Available data section start

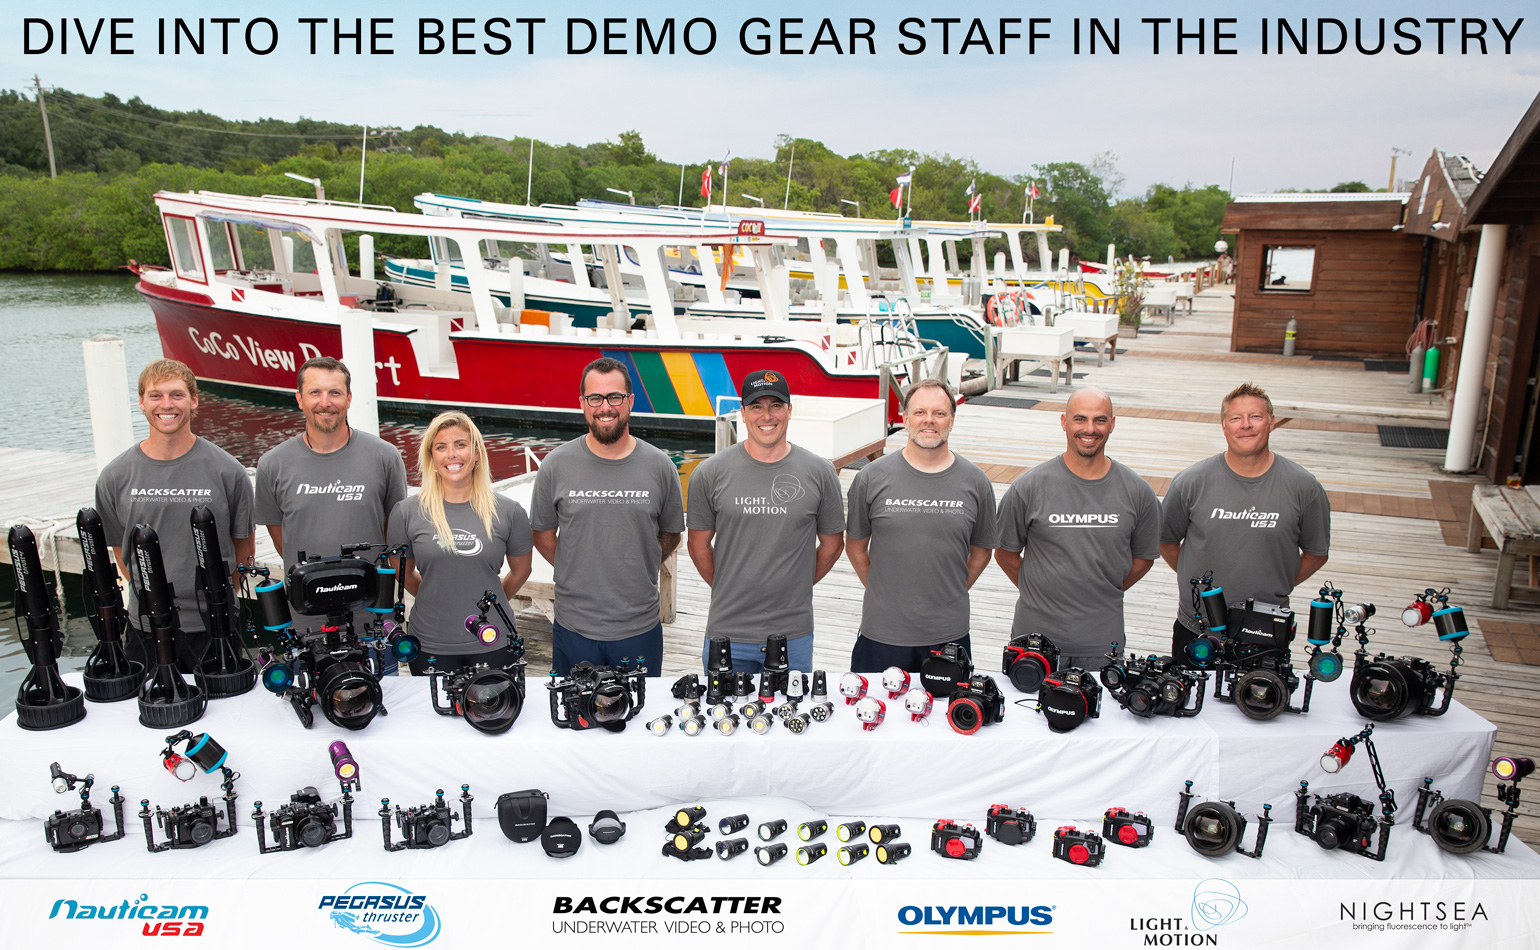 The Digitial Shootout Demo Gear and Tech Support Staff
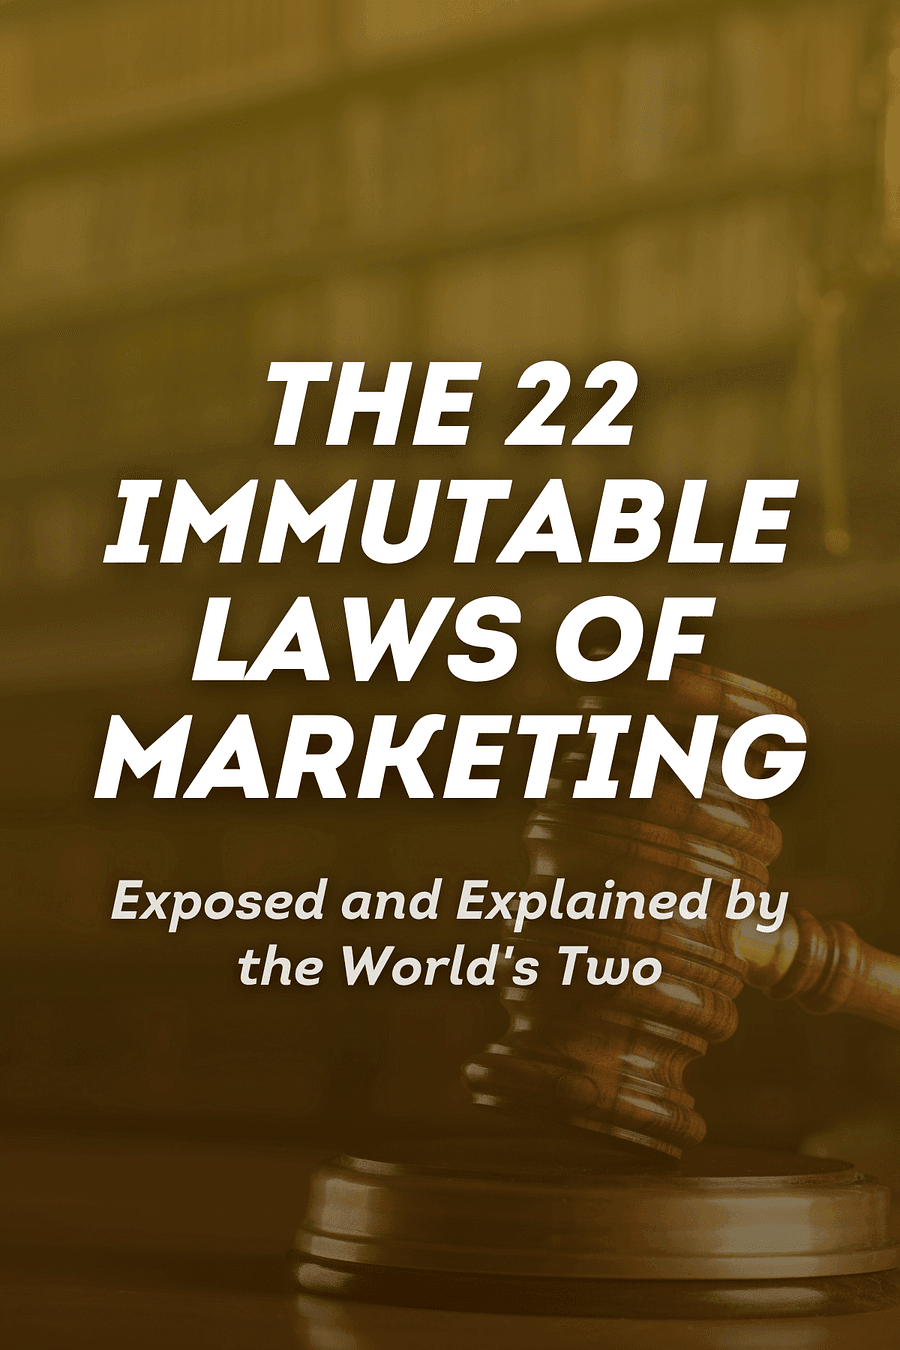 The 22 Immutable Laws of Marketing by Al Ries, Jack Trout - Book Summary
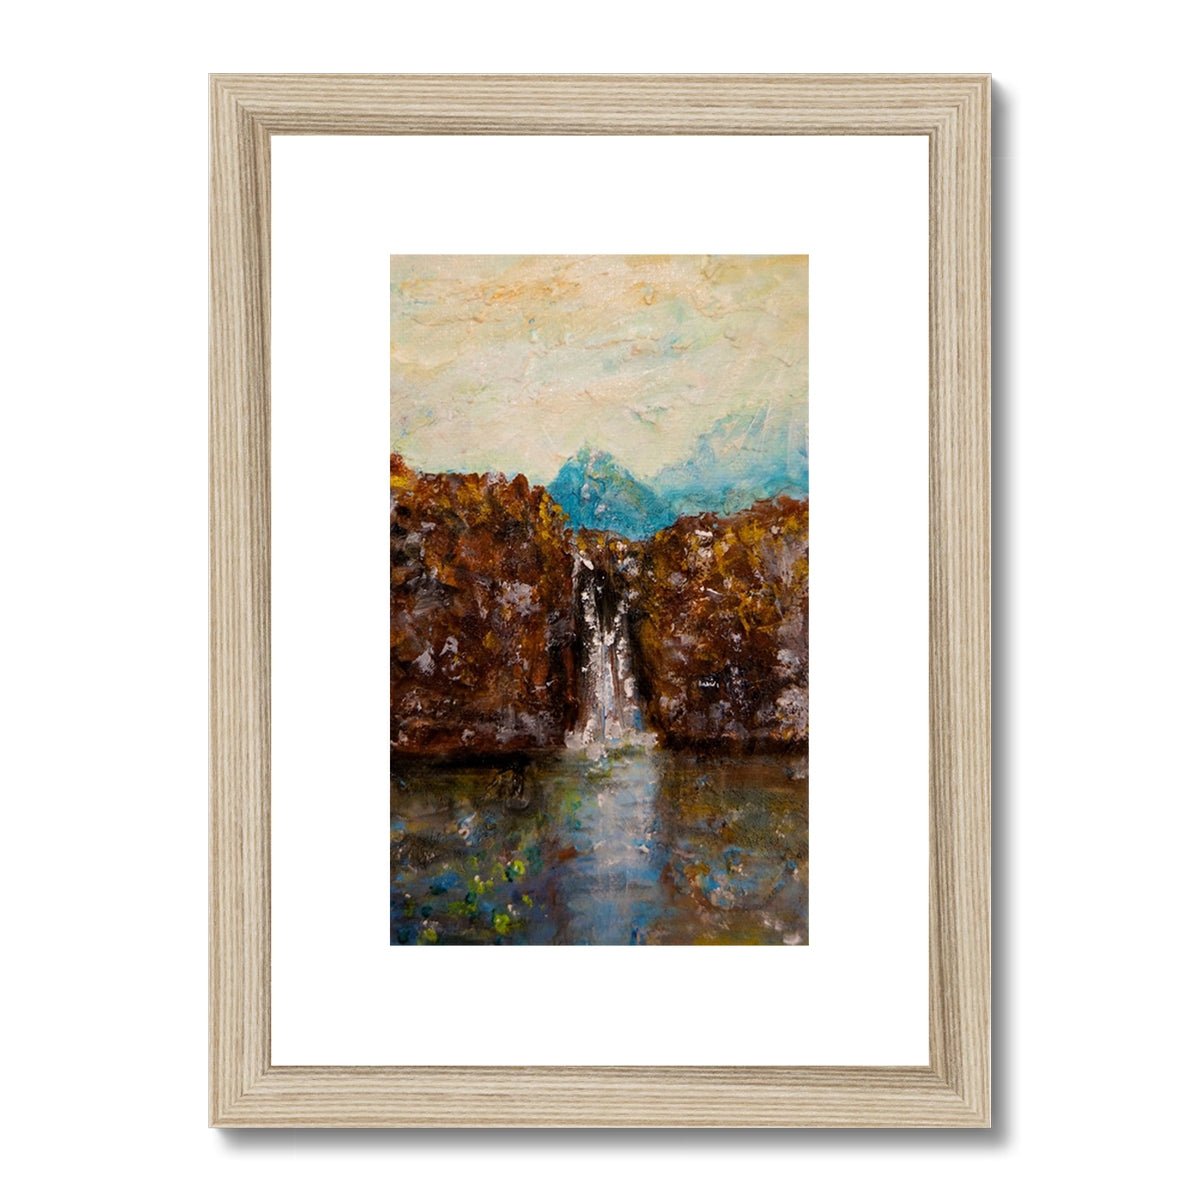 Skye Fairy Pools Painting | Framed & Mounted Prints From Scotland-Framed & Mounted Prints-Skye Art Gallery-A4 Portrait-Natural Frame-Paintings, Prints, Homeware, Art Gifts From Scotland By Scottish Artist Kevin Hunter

Available data section end

This task calls for the lines from the line containing "The 22 Immutable" through the end of the listing, set down exactly and only, with pictures omitted.

Answer to the exercise -
 The 22 Immutable Laws of Marketing by Al Ries, Jack Trout - Book Summary
 Skye Fairy Pools Painting | Framed & Mounted Prints From Scotland-Framed & Mounted Prints-Skye Art Gallery-A4 Portrait-Natural Frame-Paintings, Prints, Homeware, Art Gifts From Scotland By Scottish Artist Kevin Hunter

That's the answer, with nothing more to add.